The Valdosta farm, which is in Adel, produces seedlings that are planted and harvested at other farms, meaning the tragedy will impact other farms. The Valdosta farm also raises and harvests some things on its own. Together they deal with tomatoes, peppers, squash, watermelons.
“Prices could go up from Atlanta to Jacksonville,” Chase Doughtrey, a local judge and community leader, said.
Brad Mathis,of Valdosta farm, said 29 of the company’s 50 greenhouses were trashed.
“Valdosta Farms was absolutely demolished and it’s going to take a lot of rebuilding here,” Mathis said
He said the company was trying to figure out how to salvage the plants promised to growers.
It’s one of the largest employers in the county.
“They Are Not Going to Beg for Anything”
Pamela Brown, who teaches sociology at Albany State, hopes the storm will bring renewed attention to South Georgia as it rebuilds.
“What we hope for in the big picture is that the media will focus on the rebuilding — the media will focus on how we come together as a community and take care of each other and really want to work to build our community at a much better and higher standard than we have had,” she said.
“We want our people to stay. We don’t want a brain drain,” she said.

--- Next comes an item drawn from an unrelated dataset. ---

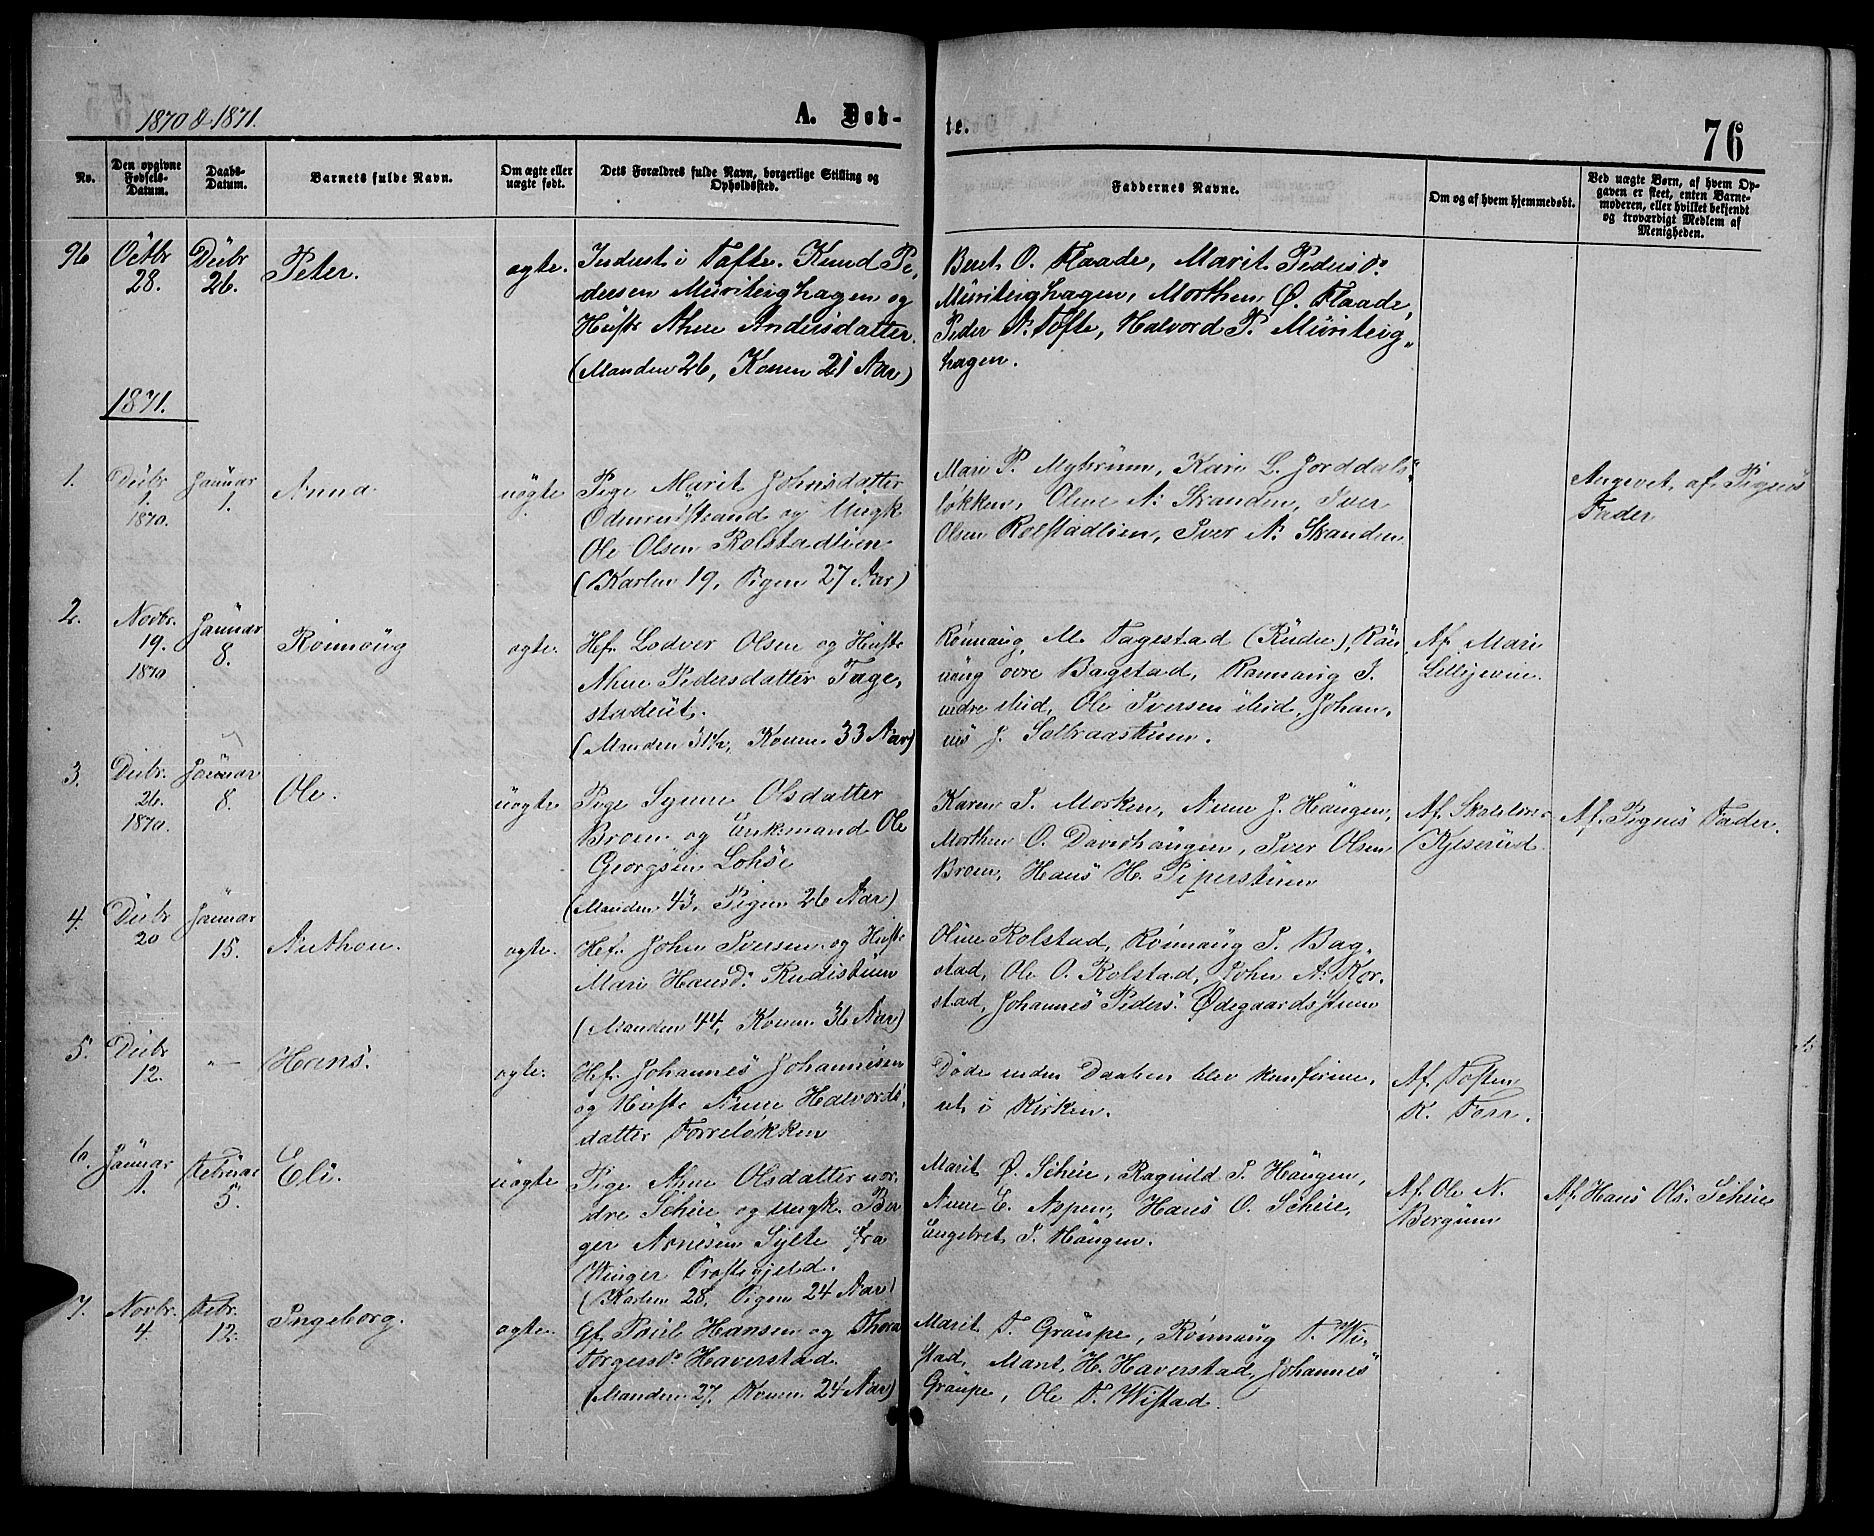 SAH, Sør-Fron prestekontor, H/Ha/Hab/L0002: Klokkerbok nr. 2, 1864-1883, s. 76

“What we hope — and there is always hope — is that people will come and help,” she continued, “but then they won’t forget us — they will come back.”
Like Brown, Robert McDaniel, executive director of the Southwest Georgia Regional Commission, is optimistic about South Georgia’s recovery, given the character of the people who live there.
“They are very strong,” he said of them. “They are country folks. They will be OK. They need a place to live. They need people to help them right now so they can get back on their feet. But other than that they are not going to beg for anything.”
“They will get dressed and go to work from the shelter,” he continued. “That is what kind of people they are.”